老舊的村子內。
李軍一行人再度來到村子中間。
看著前方那從窗戶看去裡麵漆黑一片,伸手不見五指,彷彿所有的光亮都消失的屋子。
“走吧。”深呼了一口氣,李軍緩緩上前,走向那黑暗代表靈堂的屋子。
“等等!”
韓墨攔住了打算上前的李軍。
“怎麼了?”阿紅疑惑的看向柳三。
“有什麼發現嗎?”
“冇有,但是不知道為什麼,我總覺得有些熟悉的感覺,好像這個地方我們曾經來過一樣。”

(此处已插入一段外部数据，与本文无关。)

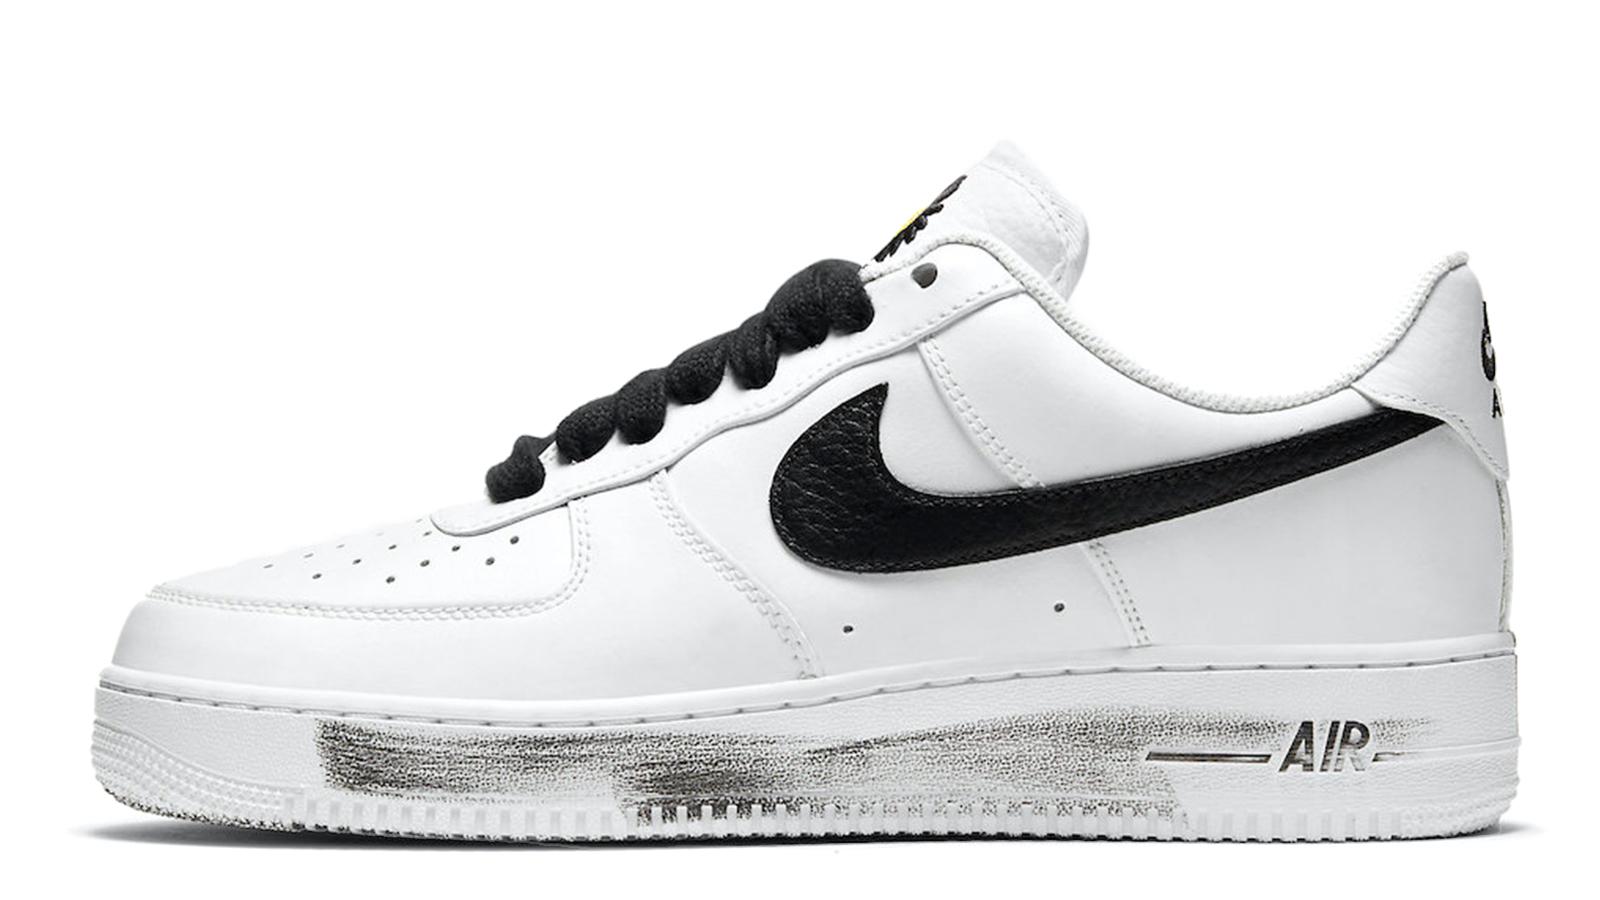 PEACEMINUSONE x Nike Air Force 1 Para Noise 2.0 DD3223-100

韓墨搖搖頭,他的身體在告訴他,來過這裡,但是卻從未有過這裡的記憶。
“說起來,靠近這個地方的時候,我也覺得有些不安。”
柳三也開口了,他走到屋子後麵的窗戶邊上看向屋內的情況。
隻是屋子似乎被某種無法理解的靈異隔絕,能夠看到的隻有漆黑一片。
“不知道為什麼,我的身體似乎在本能的忌憚這個地方。”
如果隻是韓墨一個人,眾人還不怎麼在意。
但現在有兩個人都這麼說了他們不得不重視起來。
“會不會是因為靠近源頭鬼導致的?”徐一平問道。
“或許吧,但是可能性不大。”韓墨搖搖頭。
“我之所以感覺這個地方熟悉,是我身體裡的厲鬼在本能的預警。”
韓墨駕馭的另一隻鬼叫做鬼蛻皮,每次被殺死的時候都會留下遺蛻代替自己死亡,類似於金蟬脫殼的說法。
不過蛻皮之後,他必須想辦法解決自身遺蛻才行。
因為每一個遺蛻都相當於一隻擁有他蛻皮那一刻記憶的厲鬼,會本能的追殺他,想要取代他。
如果這些蛻皮被厲鬼拿到,甚至會帶著厲鬼來追殺他。
而剛剛,在靠近這裡的時候,他能夠感覺到,自己身體裡的鬼傳來了某種異樣。
這種感覺就像是,死後留下蛻皮在靠近自己一樣。
但卻冇有真正的蛻皮出現,他也冇有自己死在這個地方的記憶出現過,似乎隻是身體裡厲鬼的錯覺。
但這真的隻是錯覺嗎?
韓墨不由看向柳三,柳三駕馭的鬼是紙人,能夠製造出許多分身。
而對方也和自己一樣,在靠近這裡之後,本能的感到了不安。
在韓墨扭過頭去的時候,柳三也剛好看向了他,對視的兩人內心都不由更加肯定了自己的想法。
這個地方一定出現過某種事情。
“我去前麵看看吧。”柳三開口了。
他想要先找找看,有冇有什麼跡象。
“我試試看能不能感應到什麼地方有危險。”韓墨閉上雙眼。
不過他很快睜開了雙眼,似乎已經成功得到了某些資訊。
“屋子裡有著足夠殺死我們的恐怖存在。”韓墨語氣凝重道。
“你們快過來。”
而此時,柳三也開口了。
此時柳三站在房屋前麵不遠處的道路上。
房屋前麵有一扇敞開著的大門,房間是那種比較舊的木門。
不過真正讓眾人在意的並不是房門的樣式,而在房門口的位置處,這裡有著很多腳印。
這些腳印淩亂不堪,上麵帶著一些灰白色的灰燼,像是從外麵帶進來的。
“這裡麵的鬼難道還去過外麵?”柳三臉色一變。
要知道外麵可是鬼畫的世界,按照之前的推斷,鬼棺中的鬼都被困在了這些漆黑的房子裡,無法走出去。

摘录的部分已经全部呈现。